Perform additional exploration to understand the contents of these values. For dictionaries, what are their keys? For lists, what is the length, and what does the first element look like?

# Your code here (add additional cells as needed)

As you likely identified, we have a list of lists forming the 'data'. In order to make sense of that list of lists, we need to find the meaning of each index, i.e. the names of the columns.

Identify the Column Names

Look through the metadata to find the names of the columns, and assign that variable to column_names. This should be a list of strings. (If you just get the values associated with the 'columns' key, you will have a list of dictionaries, not a list of strings.)

# Your code here (add additional cells as needed)

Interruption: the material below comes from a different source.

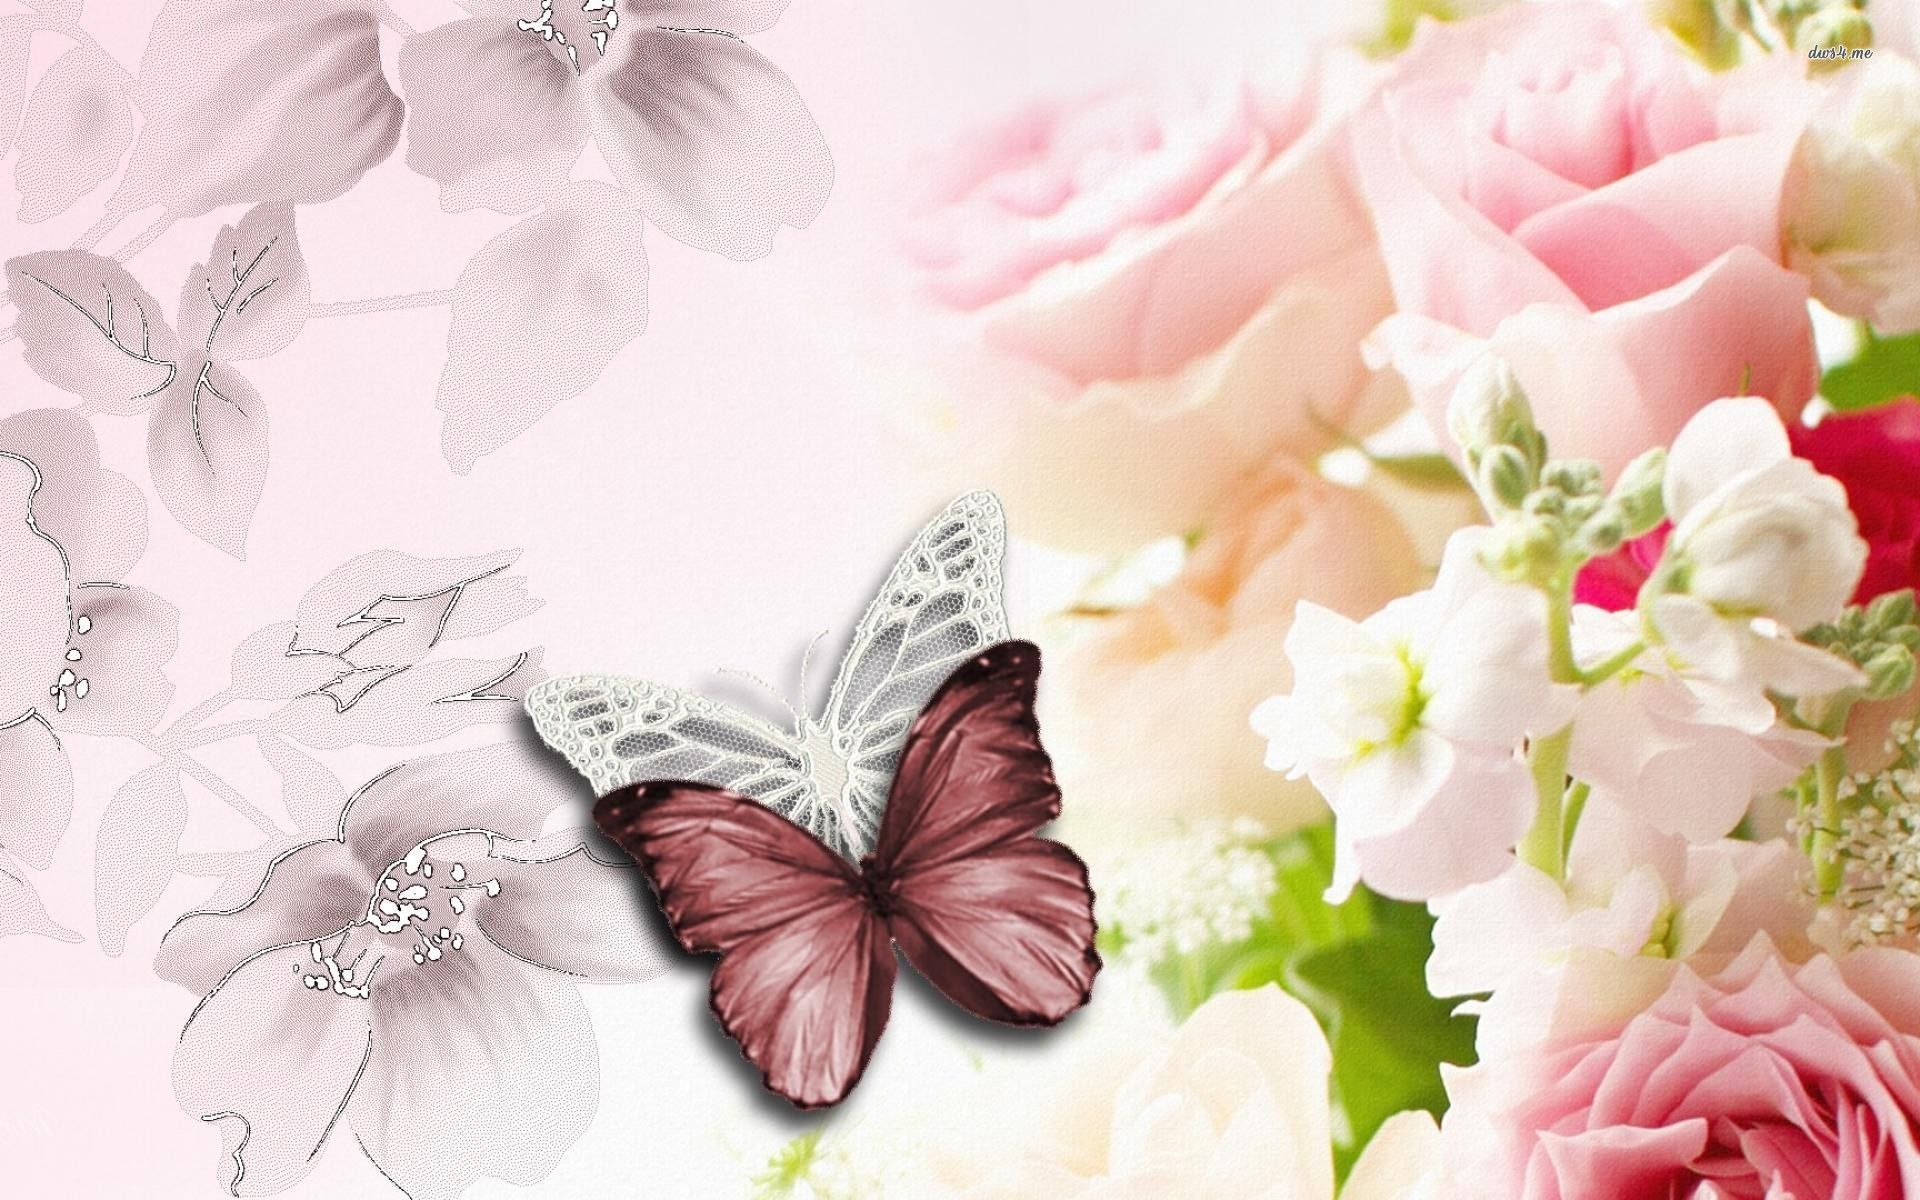 Free Download Flowers And Butterflies Wallpaper Digital Art

The following code checks that you have the correct column names:

# Run this cell without changes

# 42 total columns
assert len(column_names) == 42

# Each name should be a string, not a dict
assert type(column_names[0]) == str and type(column_names[-1]) == str

# Check that we have some specific strings
assert "DataValue" in column_names
assert "LocationDesc" in column_names
assert "Question" in column_names
assert "StratificationCategoryID1" in column_names
assert "DataValueTypeID" in column_names

Filter Rows Based on Columns

Recall that we only want to include records where:

  • The 'Question' is 'Current asthma prevalence among adults aged >= 18 years'
  • The 'StratificationCategoryID1' is 'OVERALL'
  • The 'DataValueTypeID' is 'CRDPREV'
  • The 'LocationDesc' is not 'United States'

Combining knowledge of the data and metadata, filter out the rows of data that are not relevant.

(You may find the pandas library useful here.)

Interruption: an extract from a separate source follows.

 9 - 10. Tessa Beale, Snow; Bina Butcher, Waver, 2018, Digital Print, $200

# Your code here (add additional cells as needed)

You should have 54 records after filtering.

Extract the Attributes Required for Plotting

For each record, the only information we actually need for the graph is the 'DataValue' and 'LocationDesc'. Create a list of records that only contains these two attributes.

Also, make sure that the data values are numbers, not strings.

# Your code here (create additional cells as needed)

Find Top 10 States

Sort by 'DataValue' and limit to the first 10 records.

# Your code here (add additional cells as needed)

Separate the Names and Values for Plotting

Assign the names of the top 10 states to a list-like variable names, and the associated values to a list-like variable values. Then the plotting code below should work correctly to make the desired bar graph.

# Replace None with appropriate code

names = None
values = None
# Run this cell without changes

import matplotlib.pyplot as plt
fig, ax = plt.subplots()

ax.barh(names[::-1], values[::-1]) # Values inverted so highest is at top
ax.set_title('Adult Asthma Rates by State in 2016')
ax.set_xlabel('Percent 18+ with Asthma');

Summary

In this lab you got some extended practice exploring the structure of JSON files and visualizing data.